Gardening – Impatiens Disease

Gardening – Impatiens Disease


The Bad News

When I attended Merriefield Garden Center’s class on container gardening, I learned that there is a serious Impatiens disease, like downy mildew, that affects many of the Impatiens that so many of us love. It also poisons the soil.
Unfortunately, this disease is spread both in the soil and in the air, and is caused by a fungus-like microorganism, named, Plasmaopara obducens. When Impatiens are affected, they may show signs of stunted growth, unusually light green leaves, dropping of leaves and flowers and even stem collapse. You also may see a white, downy substance – similar to powdery mildew – on the bottom of the leaves. For details about this fungus, go to
This disease has long plagued Impatiens walleriana in England, Europe, Africa, Australia and Asia was, and it first showed up in America in 2004 in growers’ greenhouses. However, last Fall, it was discovered in landscapes in the Midwest, the Mid-Atlantic and in coastal Southern California; and it is spreading.
Contrary to the message being spread that the growers have figured out how to control this problem, we were told that the growers can prevent the symptoms from showing up long enough to get the plants to nurseries; but, after you buy and plant them, the disease will resume progress and infect your soil and the air, thus making the problem continue to worsen for everyone. And, it will cost you far more to pump the plants full of chemicals than the plants, themselves, cost.
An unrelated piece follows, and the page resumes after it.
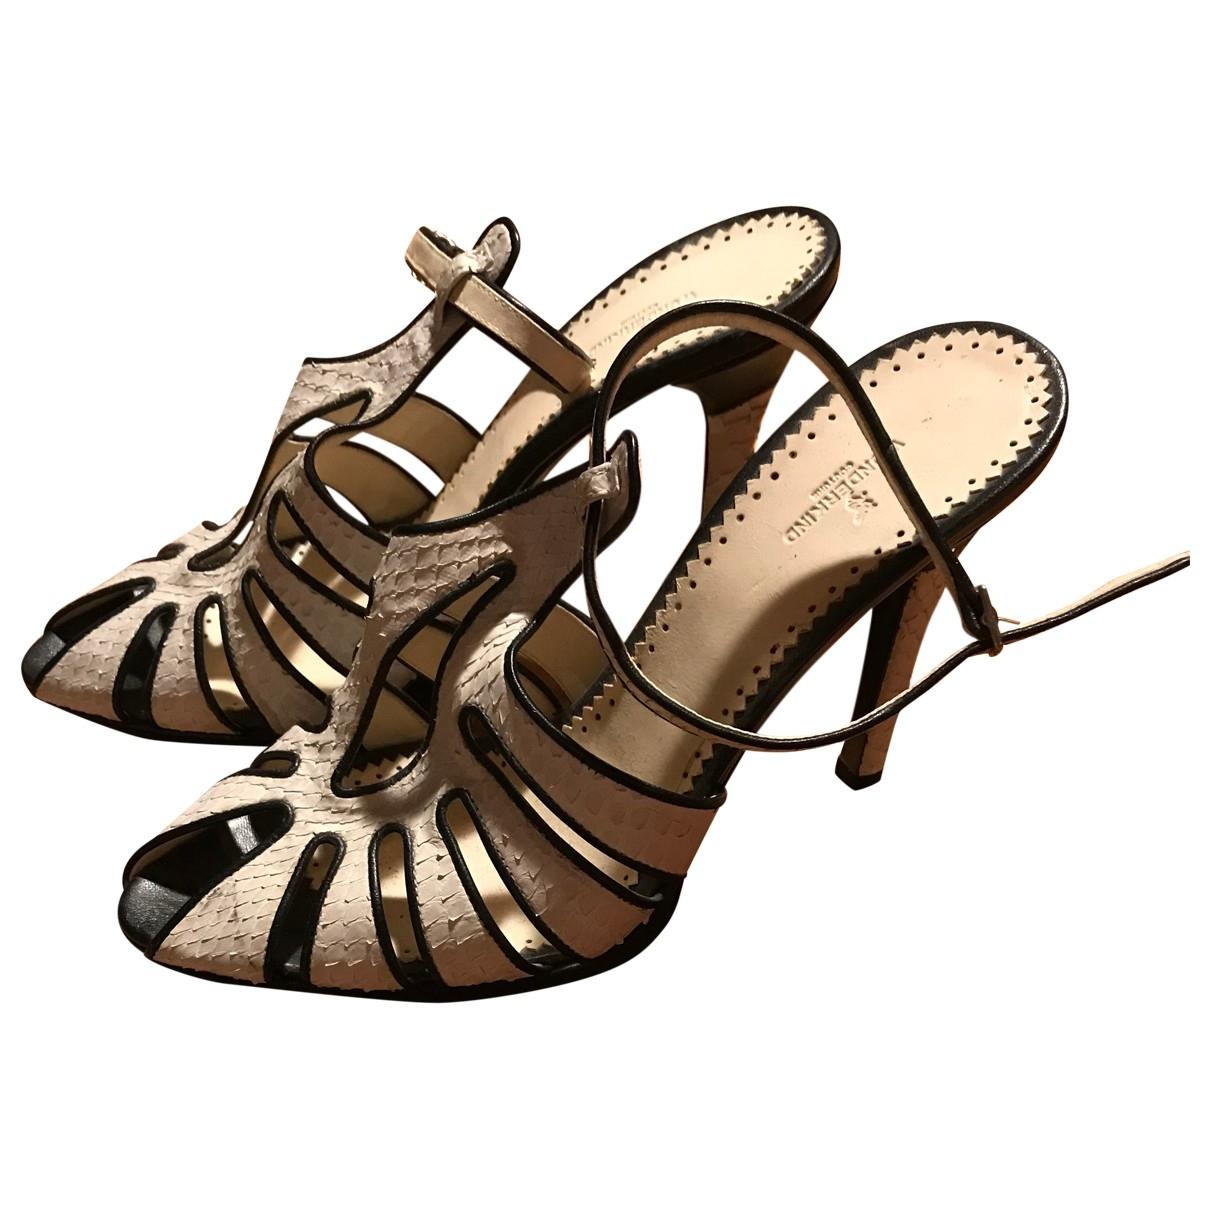 Sandalias de Cuero Wunderkind
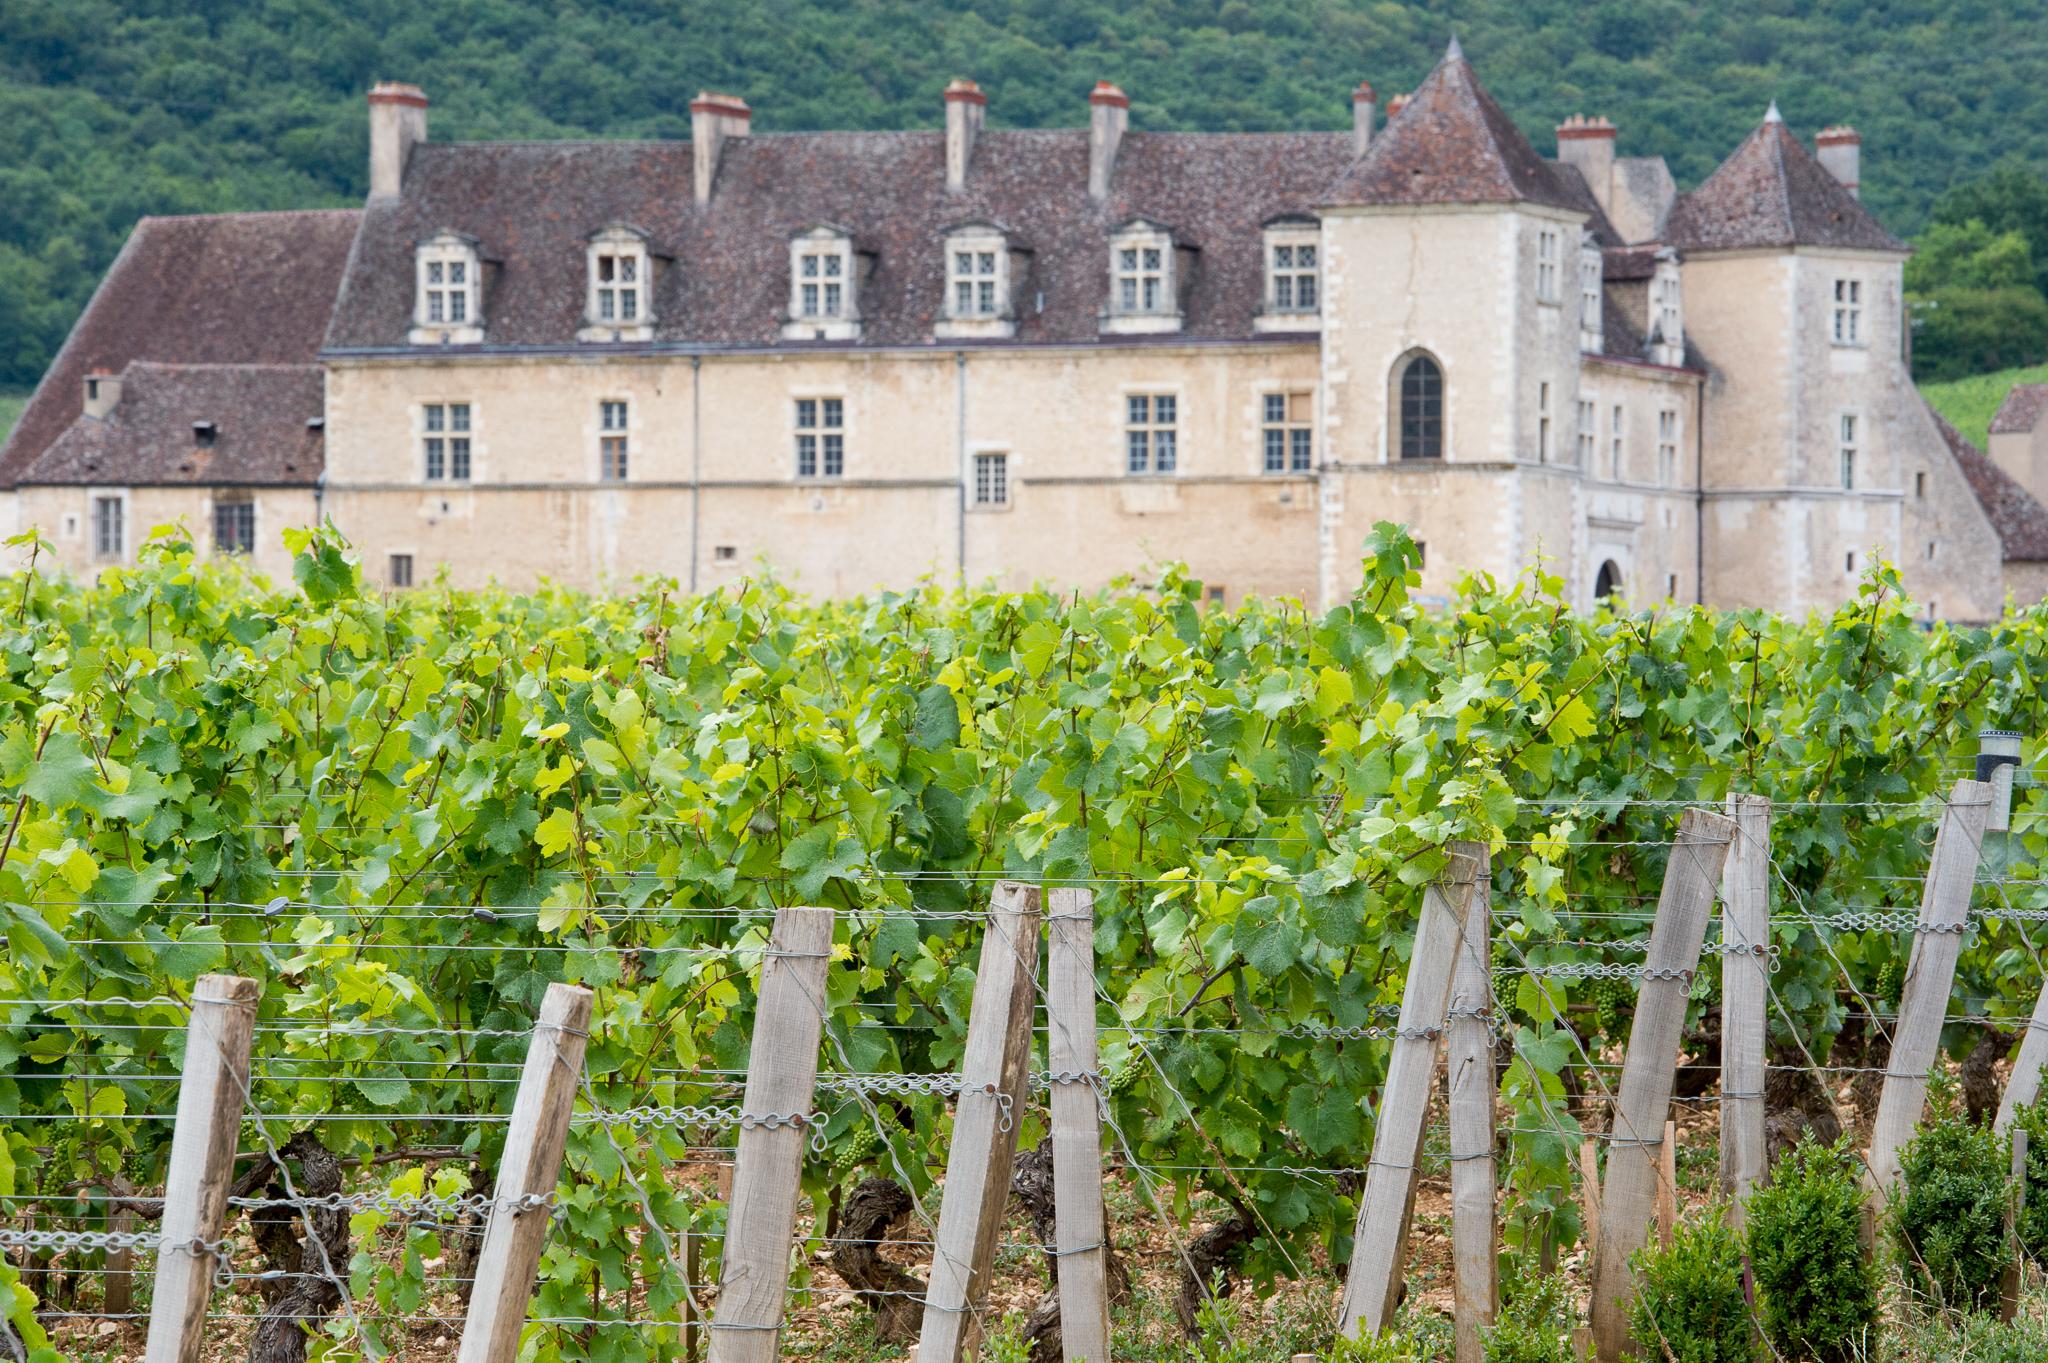 Jason-Davis-Images-Burgundy-0012.jpg

Merriefield Garden Center does not want to contribute to the spread of disease, so they have decided not to sell this kind of Impatiens, even though those sales equal twenty percent of the annuals business each year! Now, THAT, is social responsibility!

Gardening – Impatiens Disease

The Good News

• Some species of Impatiens are not affected, and they are the Varieties: New Guinea and Sunpatiens.
• There are many alternative, colorful plants that can be used in the shady spaces normally occupied by Impatiens. They include Caladiums, many Begonias, and Coleus, among others. Talk with any garden center that has plant and soil expert staff, or research it on the web to find out what will work in your environment.